PROBLEM STATEMENT
Here the job is to copy the data exactly and to exclude every image from it.

Extracted data entries
▼
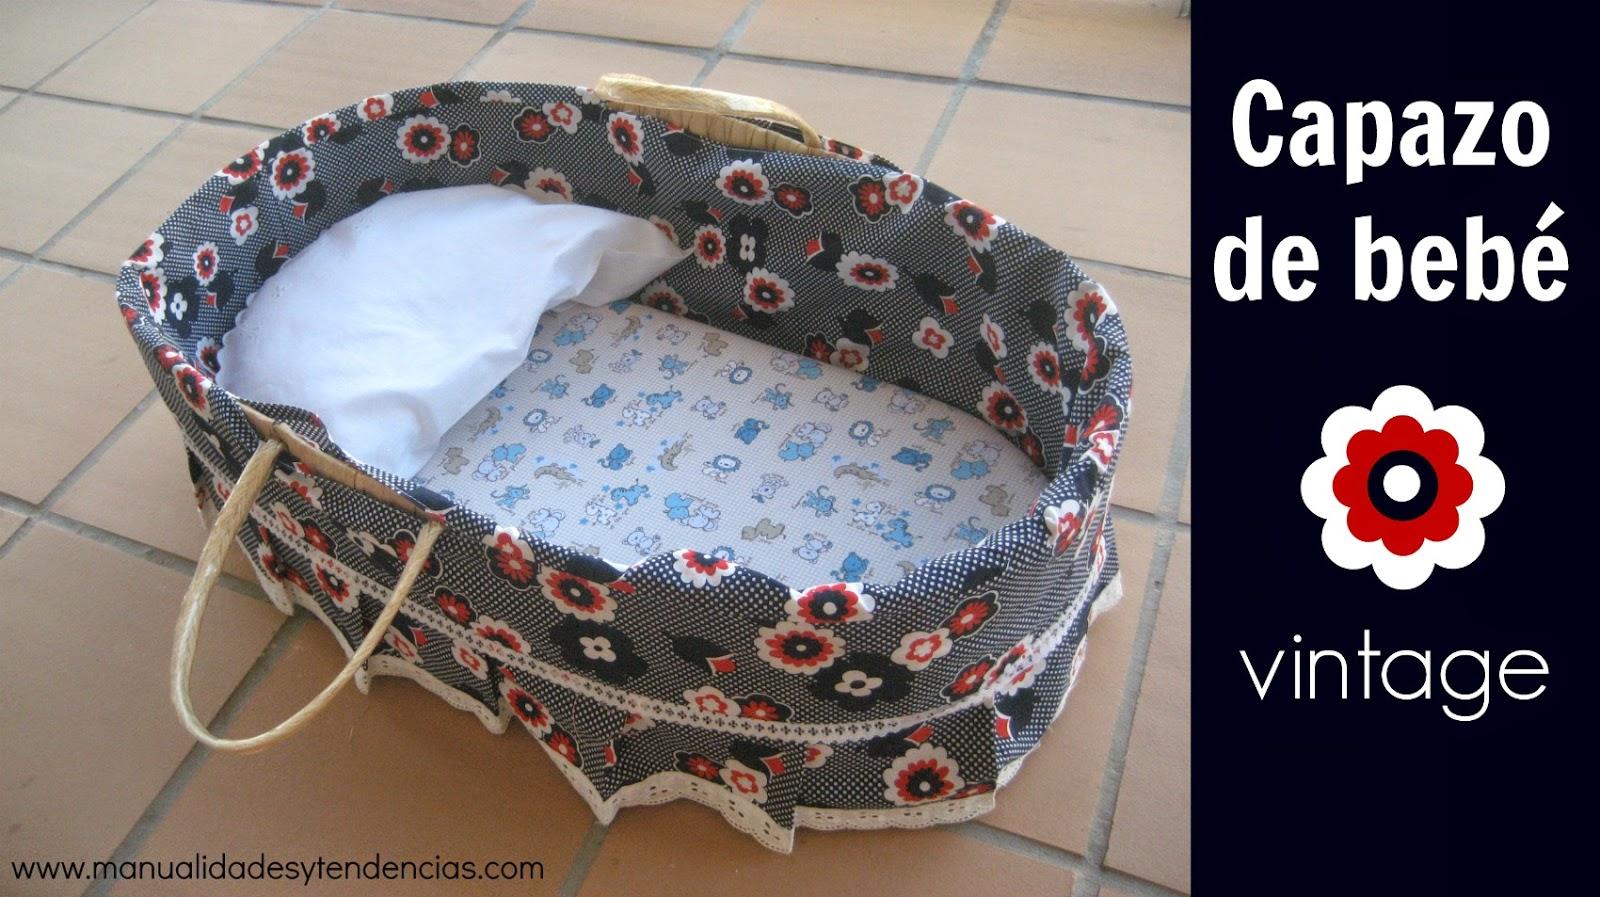 Capazo de bebé vintage
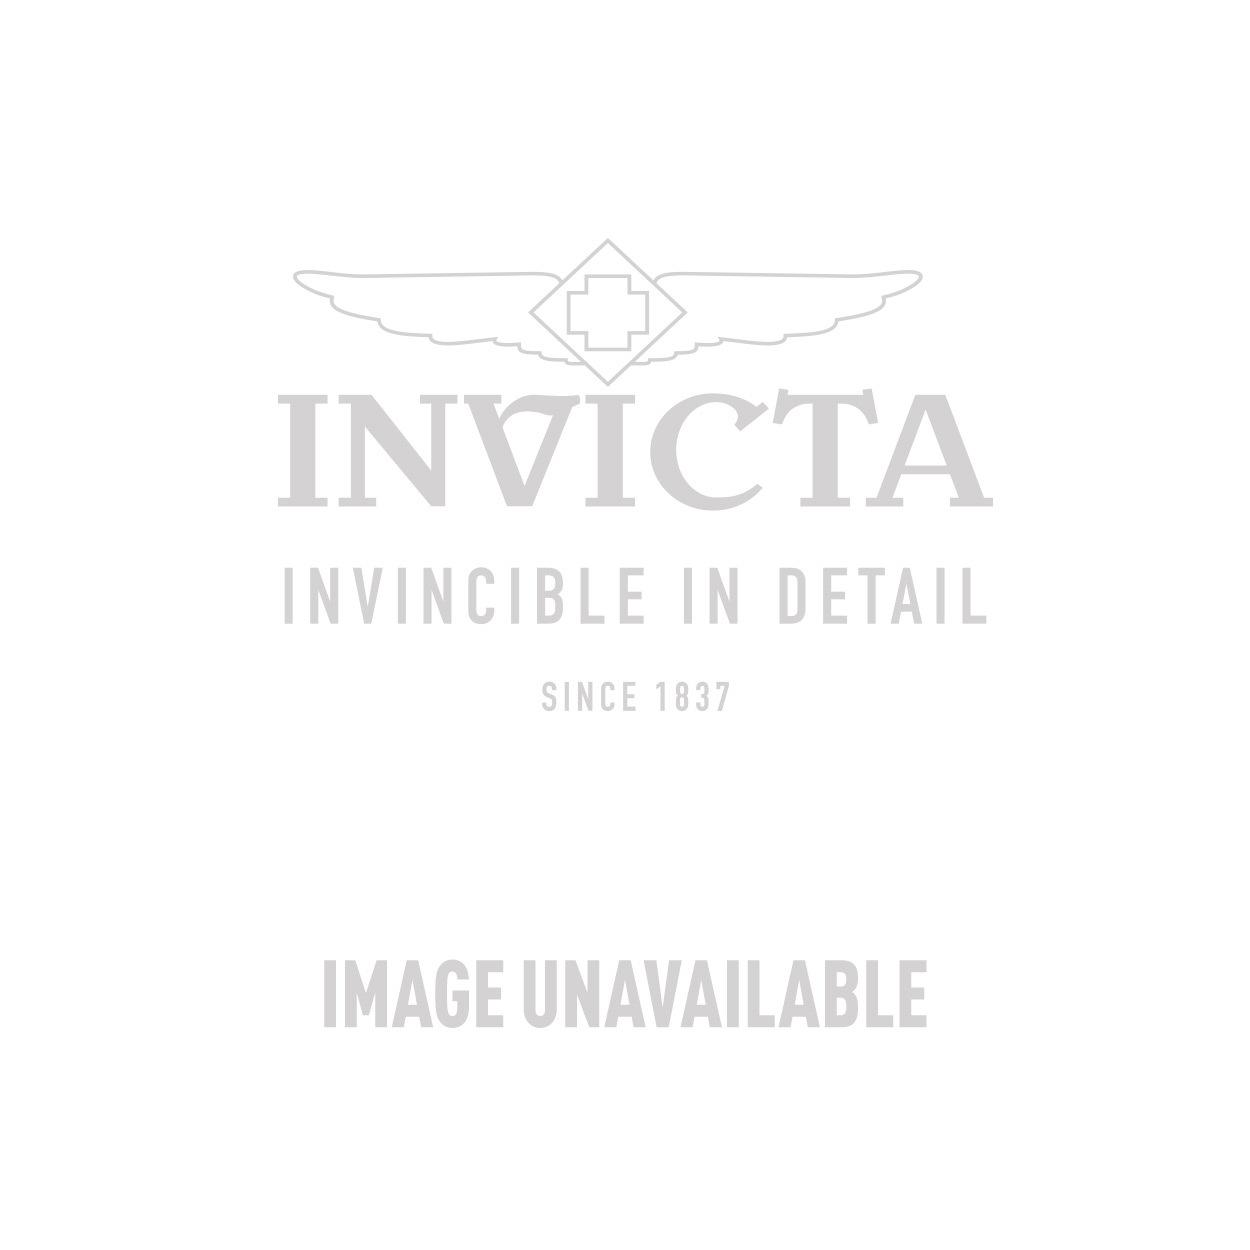 Invicta Model 25780
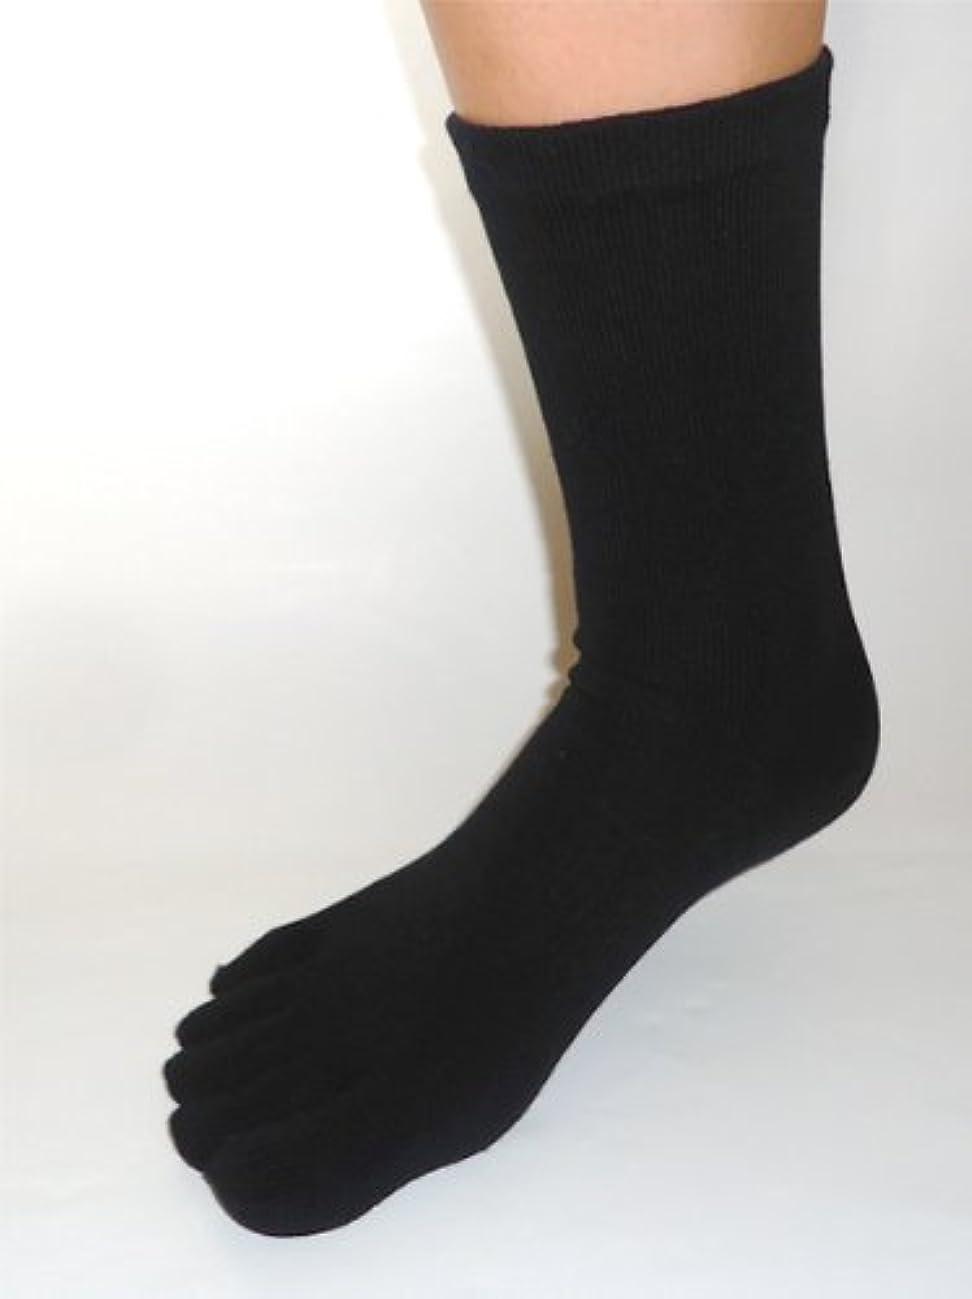 咲く郵便番号入力日本製 紳士5本指靴下 こだわりシルク 24~26cm お買得3色3足組
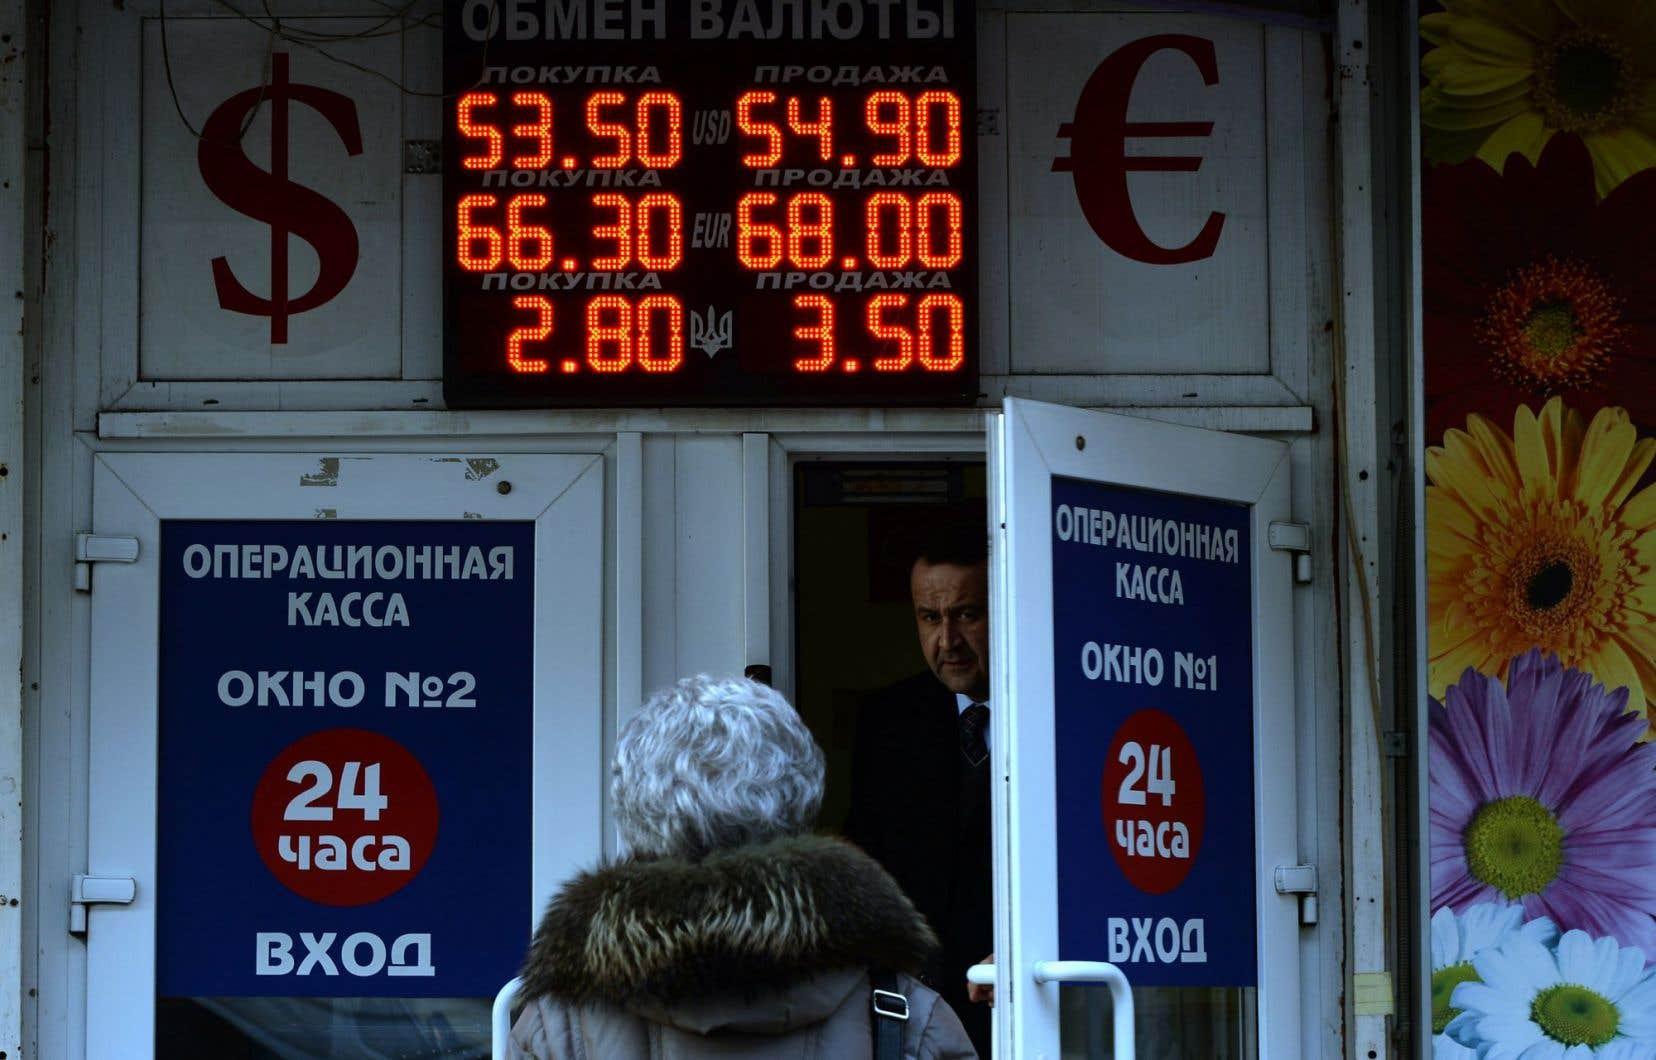 La chute du rouble a amené beaucoup de Russes à convertir leur monnaie.
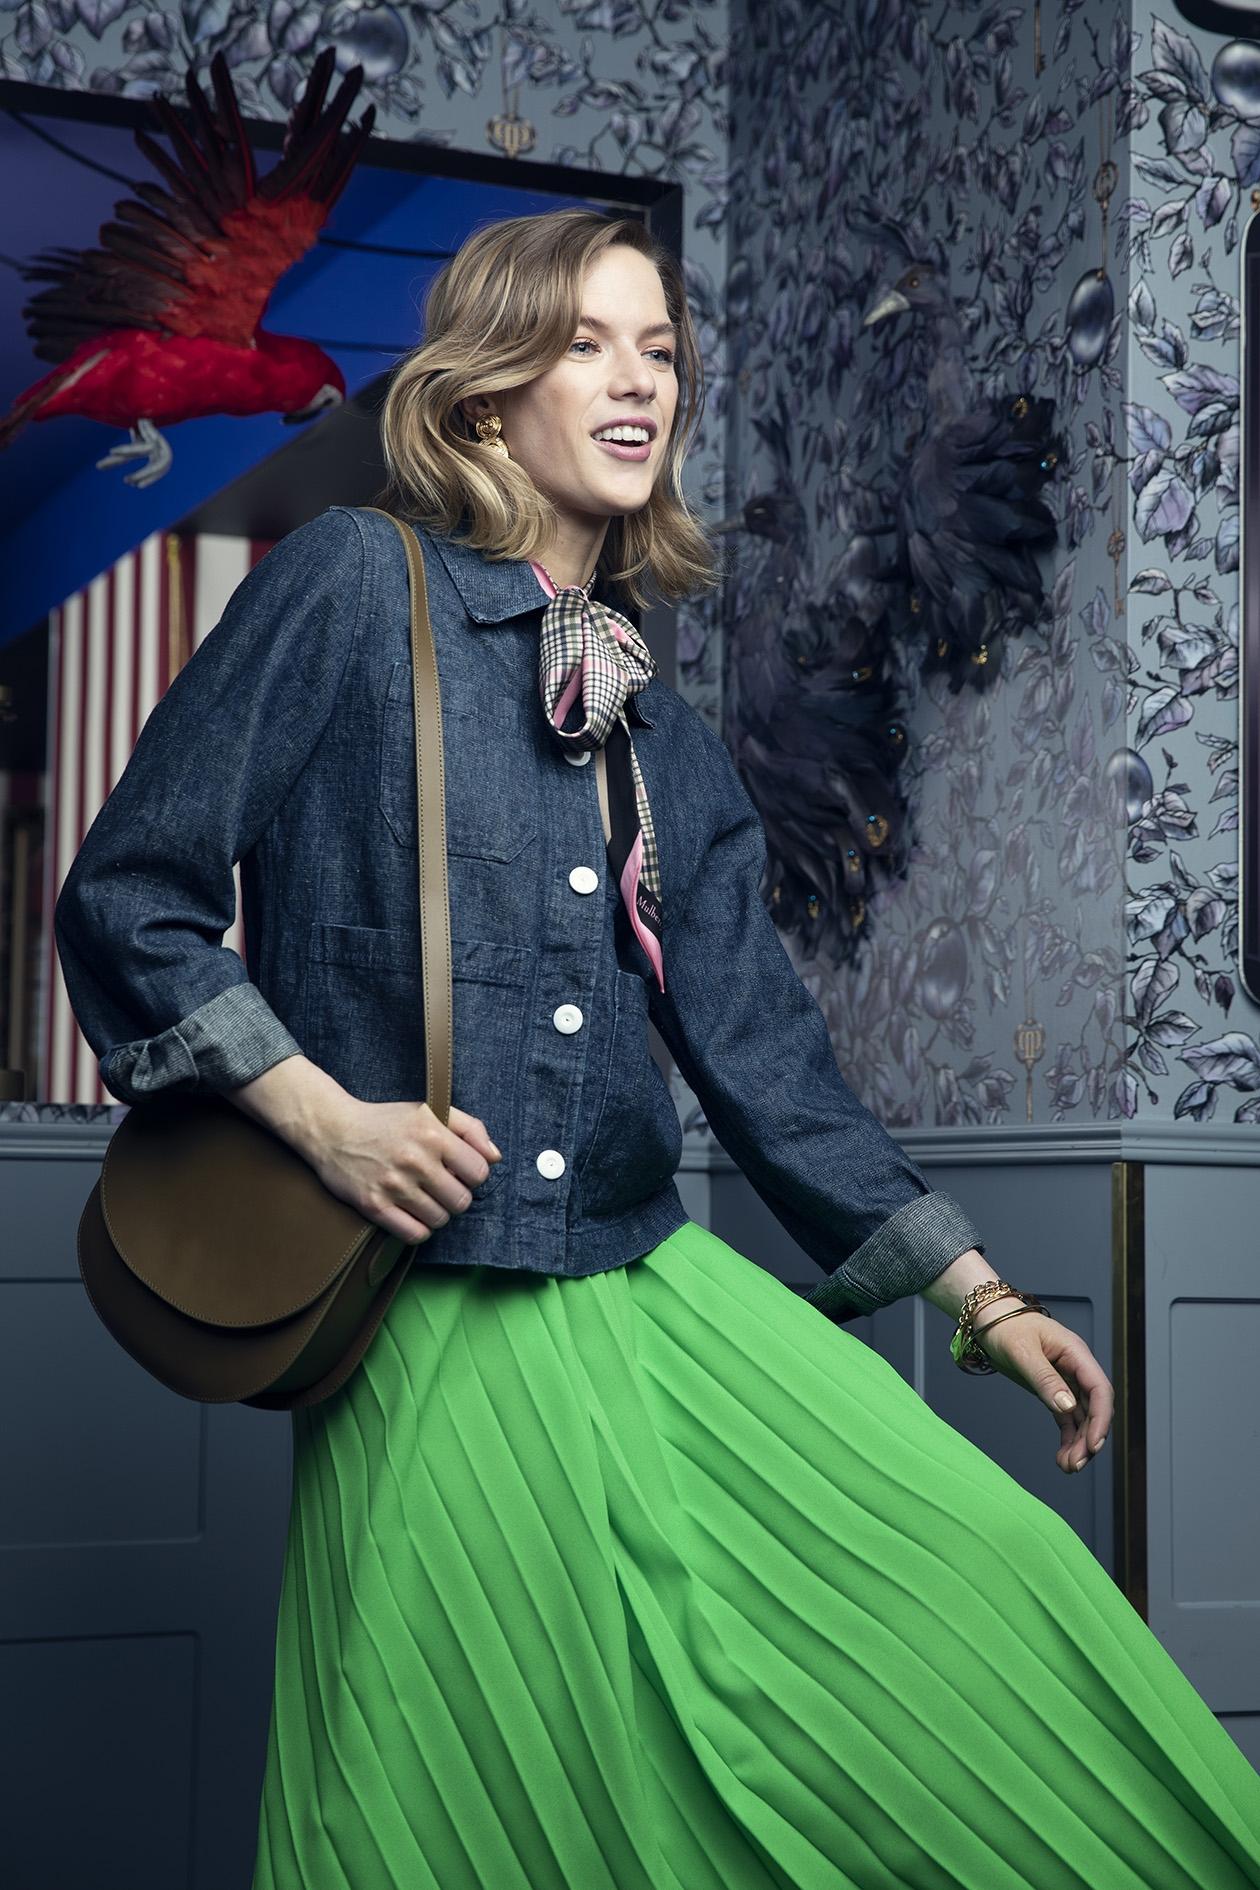 Työtakkia muistuttavan takin voi yhdistää naiselliseen helmaan.
▲
OUTPUT BELOW
 Capazo de bebé vintage
 Invicta Model 25780
 咲く郵便番号入力日本製 紳士5本指靴下 こだわりシルク 24~26cm お買得3色3足組
 La chute du rouble a amené beaucoup de Russes à convertir leur monnaie.
 Työtakkia muistuttavan takin voi yhdistää naiselliseen helmaan.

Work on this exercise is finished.